Since 1995, Home Depot has supplied plans, materials and an army of volunteers in trademark orange T-shirts to build 29 playgrounds in 28 cities. Other corporate partners include Nike, Walgreens and Motorola.


The term “strategic philanthropy” has been around for years, but the practice has only recently gained momentum nationwide, said Frank Walker, chairman of Walker Information, an Indianapolis-based market research company. Walker said that while many companies have intuitively known good deeds pay off in the long run, many haven’t been systematic about whom they give to, and even fewer have tried to quantify the results.

“It’s as if companies have said, `We have some funds. Let’s do some good. The CEO likes tennis, so let’s sponsor a tennis tournament,”’ Walker said.

The future is more sophisticated than that. With Walker’s help, the Council on Foundations is developing measurement tools that link corporate giving with specific outcomes. The hope is to make that widely available by the end of the year.

“When CEOs figure out that philanthropy is imperative to success, corporate giving programs will become more accountable,” said Walker. “When giving becomes more accountable, it will be done better and more efficiently and the amount of dollars given will grow. I’m just corny enough to think this is going to change the world.”

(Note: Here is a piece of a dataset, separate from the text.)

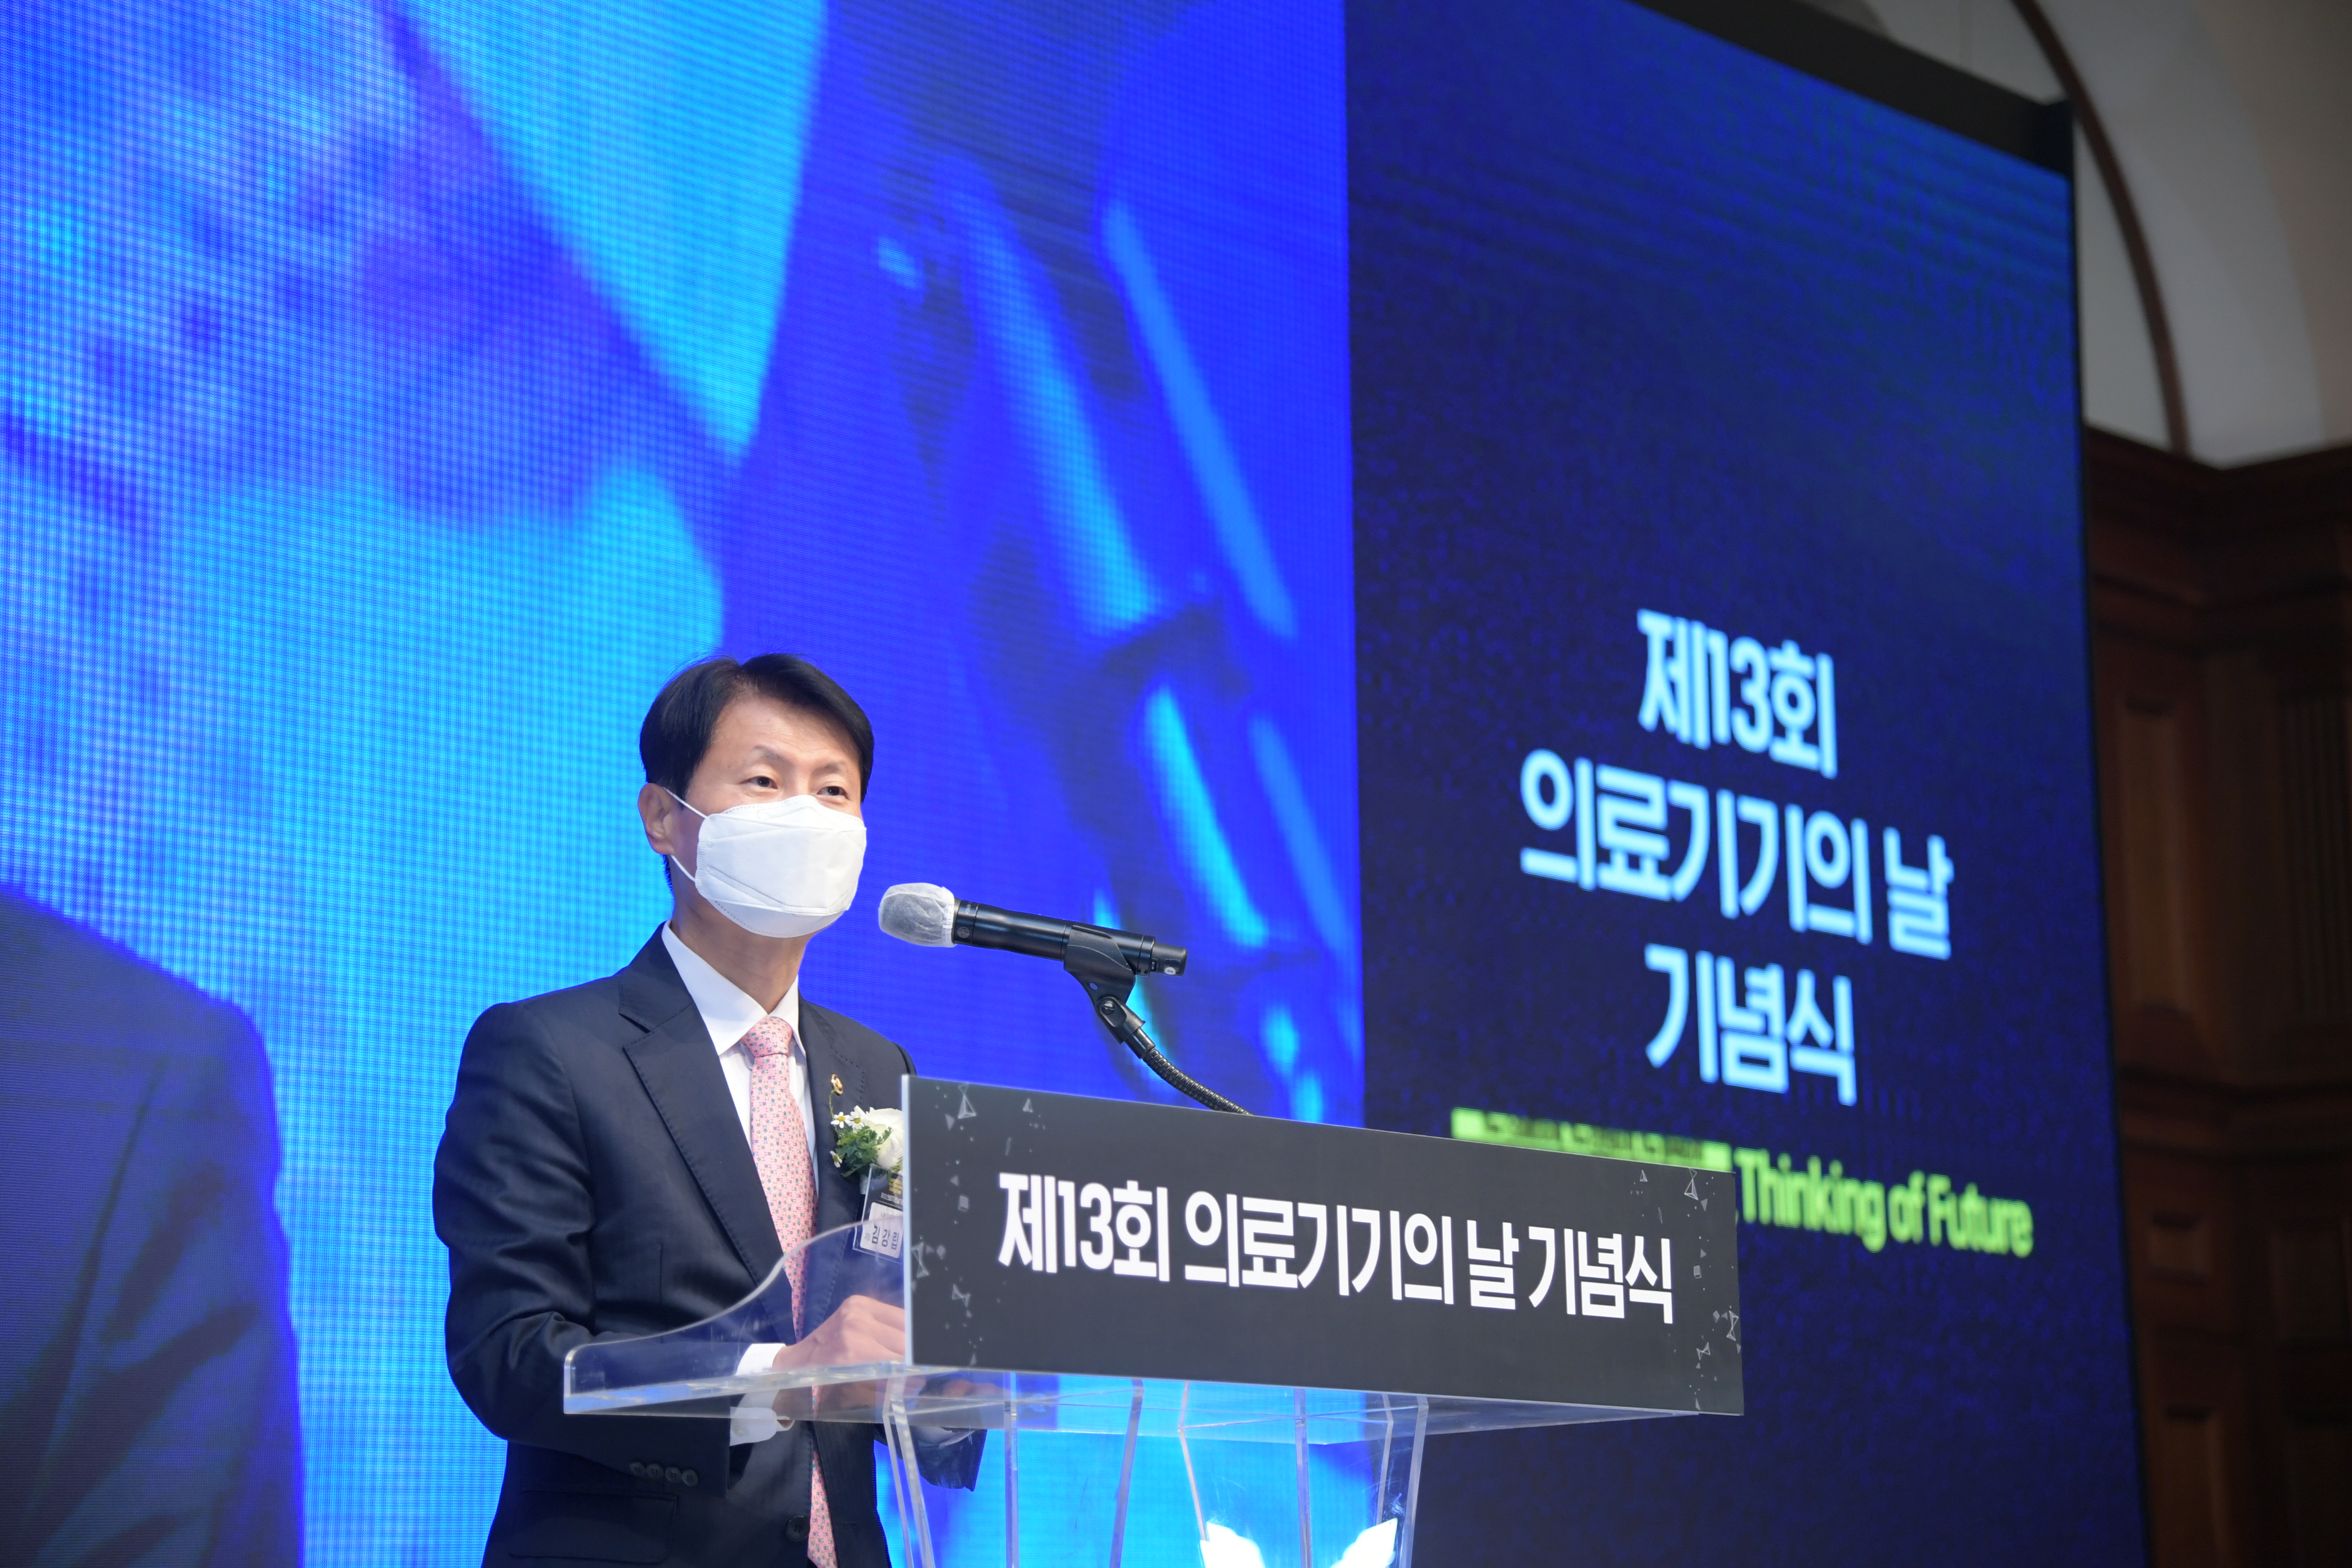 Photo News3 - [Nov. 20, 2020] A Commemorative Ceremony of the 13th Day of Medical Device

One change may be in direct corporate giving to the United Way. A study of 226 corporations by researcher Jerry Marx showed that “the higher the level of strategic philanthropy, the lower the percentage contribution to United Way.” The study concluded that the United Way should develop “a new development model” that more carefully considers business needs.

The 1997 study was published in Nonprofit Management & Leadership magazine and financed by the Lilly Foundation, the Center for Corporate Community Relations at Boston College and the Indiana University Center on Philanthropy.

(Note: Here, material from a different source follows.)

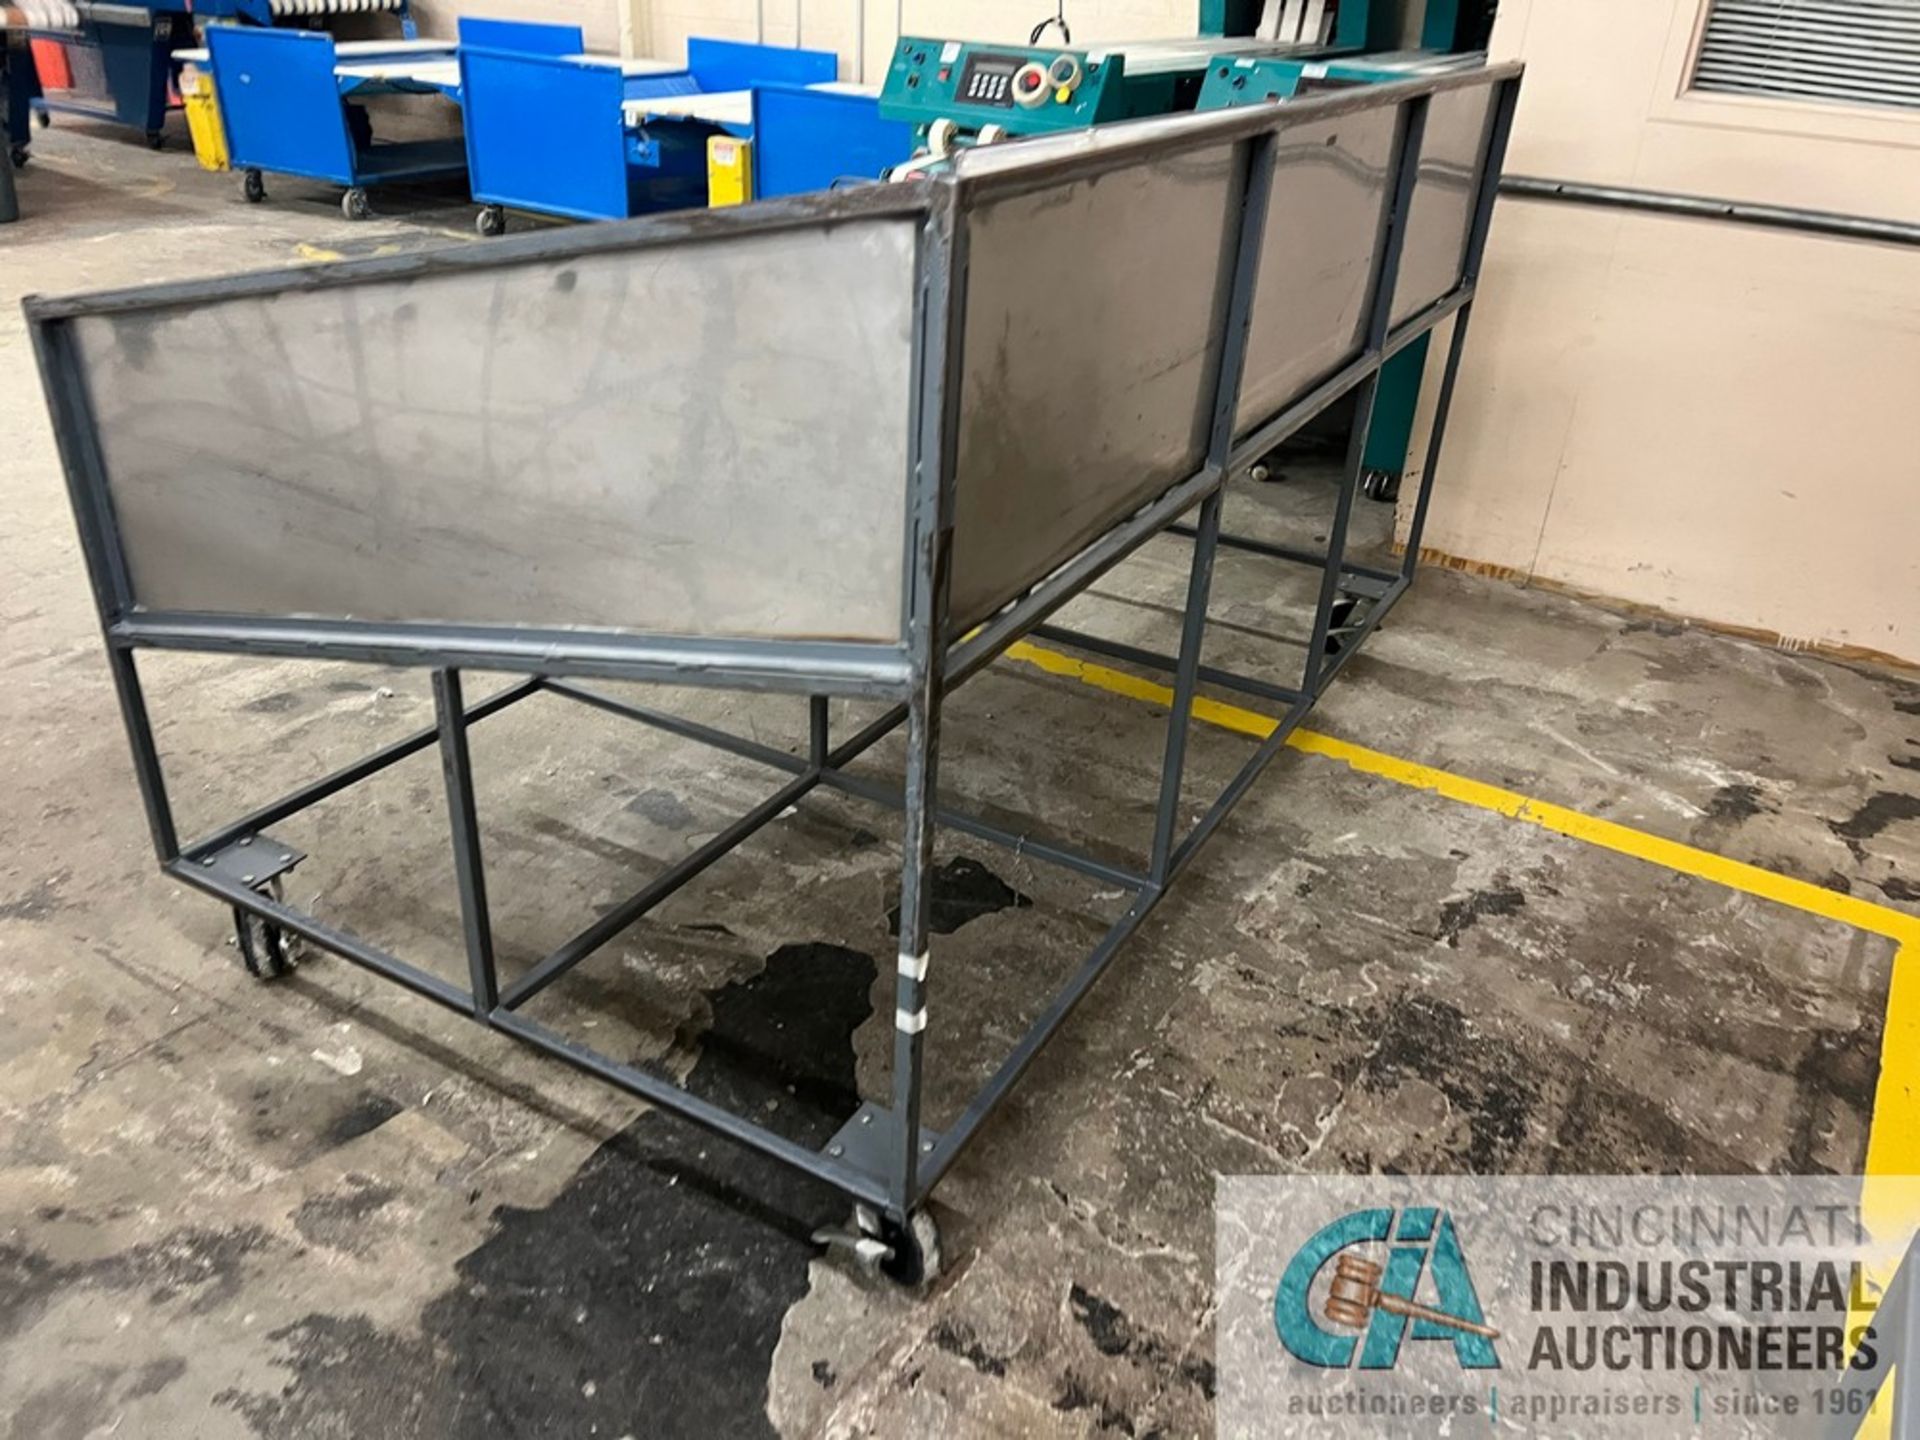 52" X 93" LONG X 17" HIGH STAINLESS STEEL TUB STEEL FRAME SORTING CART, 54" OVERALL HEIGHT - Image 3 of 3

Executives at United Way of America headquarters in Alexandria, Va., did not respond to several requests for comment.

Other research indicates that cause-related marketing, a practice closely linked with strategic philanthropy, helps contribute to the bottom line.

About 90 percent of employees who work for companies involved with a cause feel proud of their company’s values, compared to 56 percent without such programs, according to a five-year study conducted by Roper-Starch Worldwide, a marketing and public opinion research firm based in Harrison, N.Y. Among consumers, two-thirds said that if price and quality were equal, they would switch to a brand or retailer associated with a good cause.

Young people seem to be particularly drawn to these cause-oriented companies. “The teen numbers are astounding,” said Carol Cone, chief executive officer of Cone Communications, a Boston public relations and marketing firm that paid for the study and is an industry leader in the philanthropic area. “If you’re a company needing to appeal to the next generation of consumers, this is critical.”

One of Cone’s success stories has been the Reebok Human Rights Award, which spawned from Reebok-sponsored rock concerts. Through the award, said Cone, Reebok has escaped the wrath Nike has suffered in the debate over working conditions in overseas shoe factories.

(OPTIONAL TRIM FOLLOWS)

When the Chicago-based Bally Total Fitness decided to renovate 350 fitness centers around the country, it had to decide what to do with nearly $10 million worth of used exercise equipment. Instead of selling it, Bally gave the equipment to inner-city schools, youth-at-risk programs, police and fire athletic leagues and others under a “Stronger Communities” program.


“The very first thing this does is make our employees very, very proud,” said Dave Southern, vice president of public and investor relations for Bally. “It’s also a great source of pride for our members and probably strengthens their sense of affinity to our company. And it gives us good community relations … and that helps gain new members.”